With parity RAID levels, there are the following factors to consider:
1) the number of drives in the array,
2) the size of each drive, which in turn determines
3) the size of the rebuild window, therefore the size of the period of vulnerability to complete array failure
In the case of RAID 5 for example, many people say they won't go beyond six or seven drives before they start thinking about RAID 6, or at least RAID 5 + hot spare. But, what size drives are they talking about? 100GB? 250GB? 500GB?
What happens when you get to using 1TB drives, or 2TB drives? The rebuild times are far longer, so while the chance of a drive failing is probably the same, regardless of the capacity of the drive, the opportunity for another drive to fail during the (now lengthened) rebuild period is far greater.
Additionally, while increased areal density will result in faster writes (and therefore shorten the rebuild time), that same increased areal density results in the chance of a URE being noticeably higher.
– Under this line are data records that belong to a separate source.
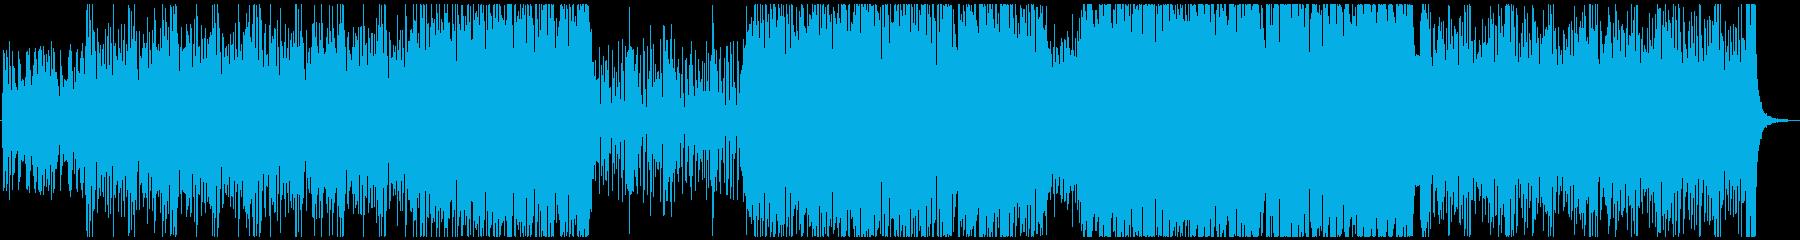 疾走するピアノトリオジャズの再生済みの波形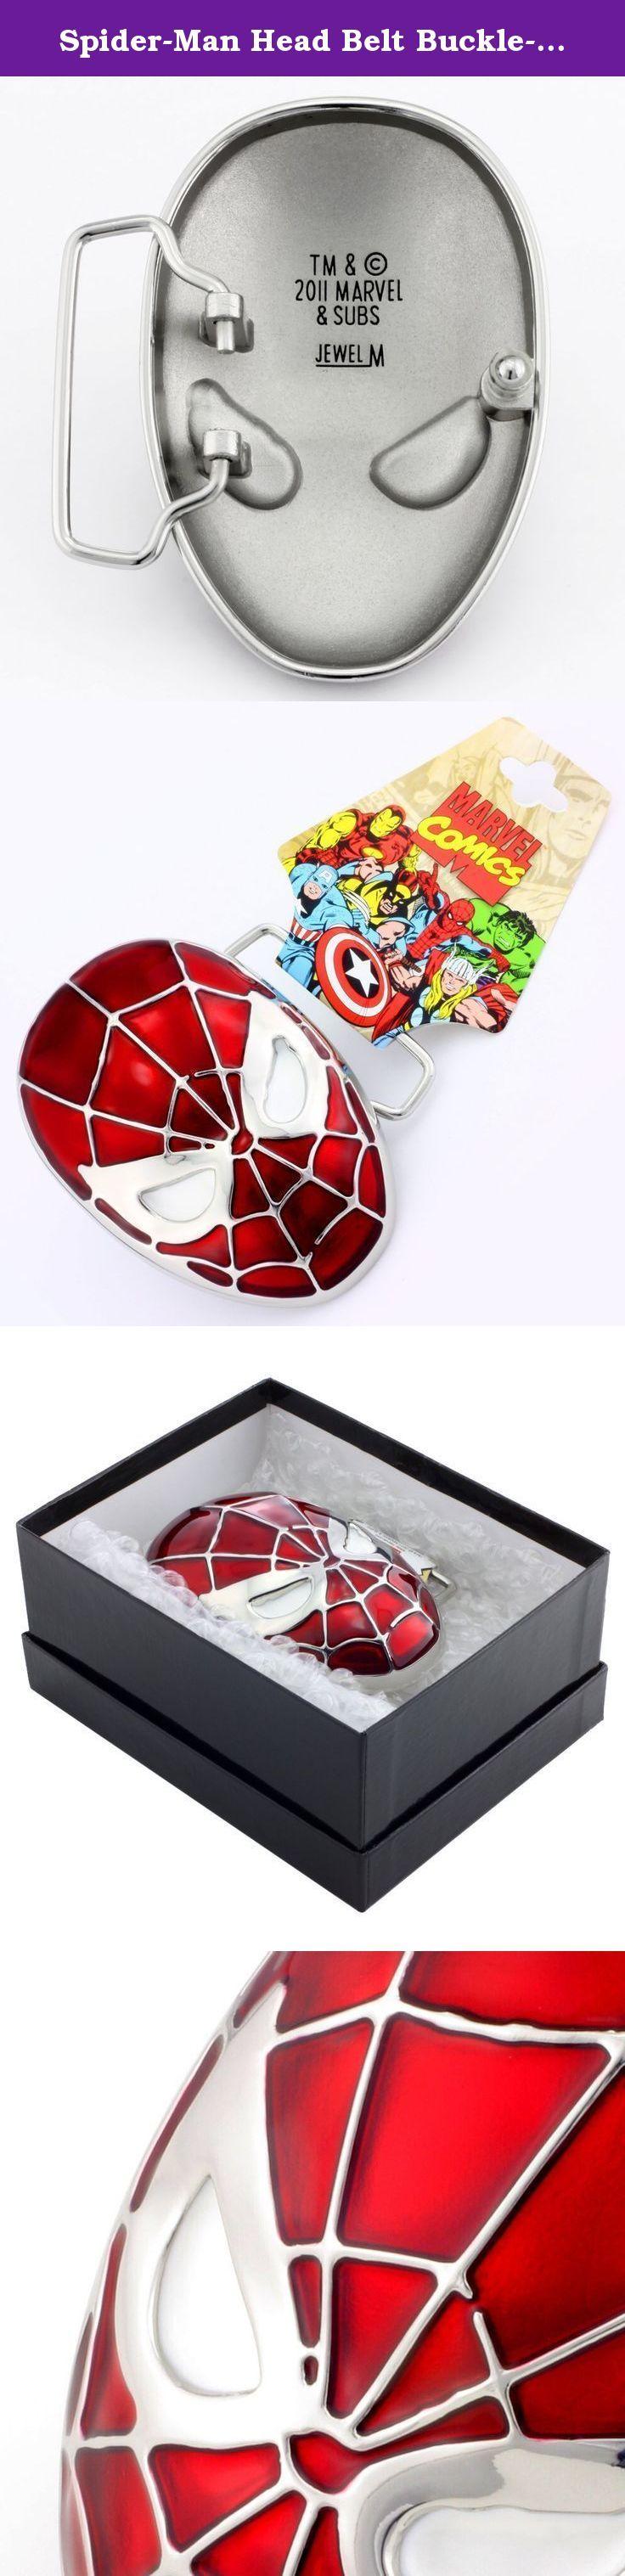 Spider-Man Head Belt Buckle-MAR-4002.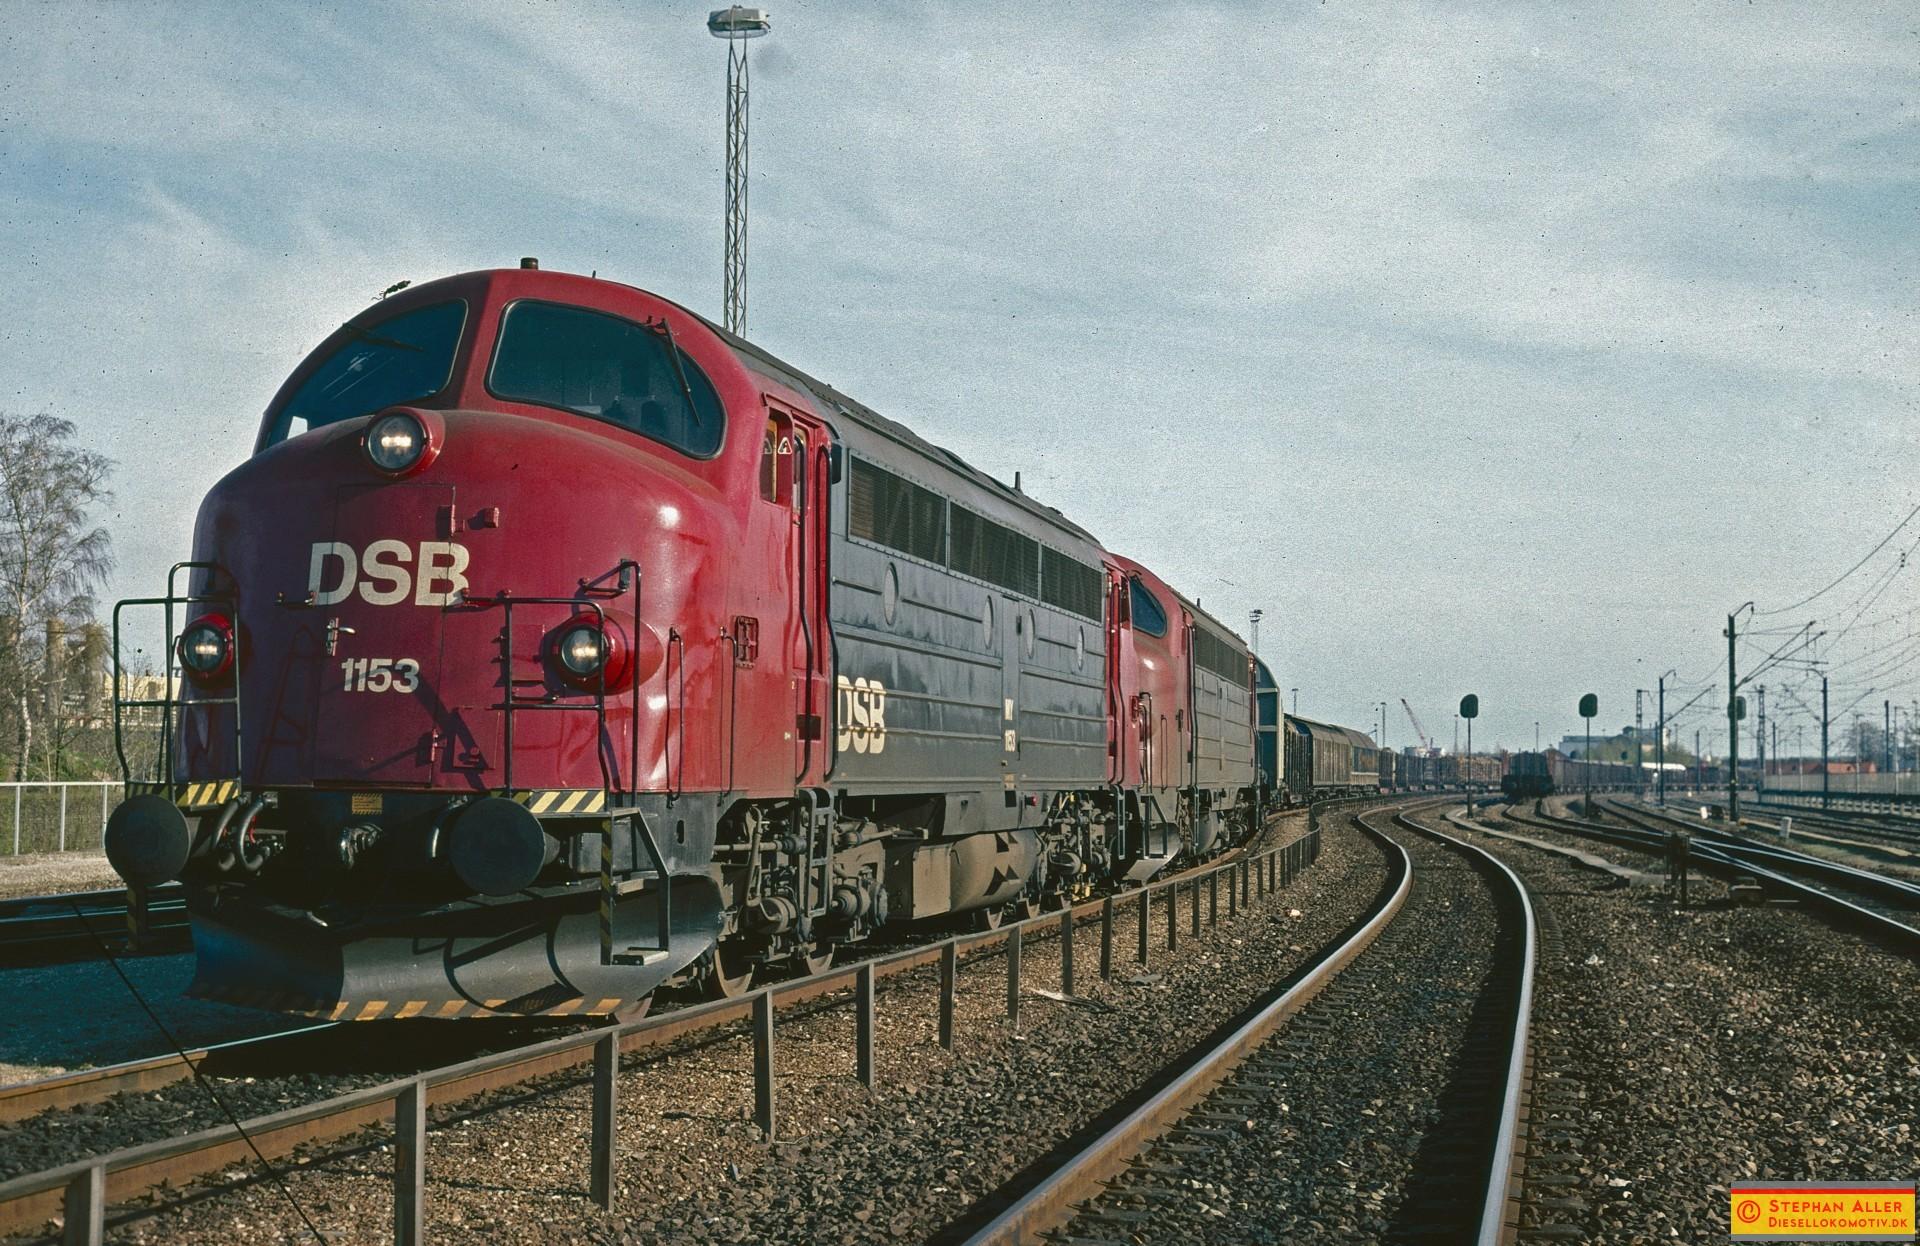 FP1271r

OK, fine so we use RAID 6. Again the focus here is being able to use arrays with larger numbers of drives, because the chance of three drives failing (electrically or mechanically) during operation is far smaller. But what about UREs? We're now seeing 3TB drives on the market and 4TB will be here by the end of 2011. We may see 6TB by the end of 2014.
I think things like triple parity (RAID-Z3 for example) will help but more importantly, the kind of data checksumming which ZFS uses will prove to be far more valuable, and other filesystems will have to employ such mechanisms if they are to remain of use to those of us with huge storage requirements.
Of course, in the mean time, RAID scrubbing will help to mitigate some of the corruption issues.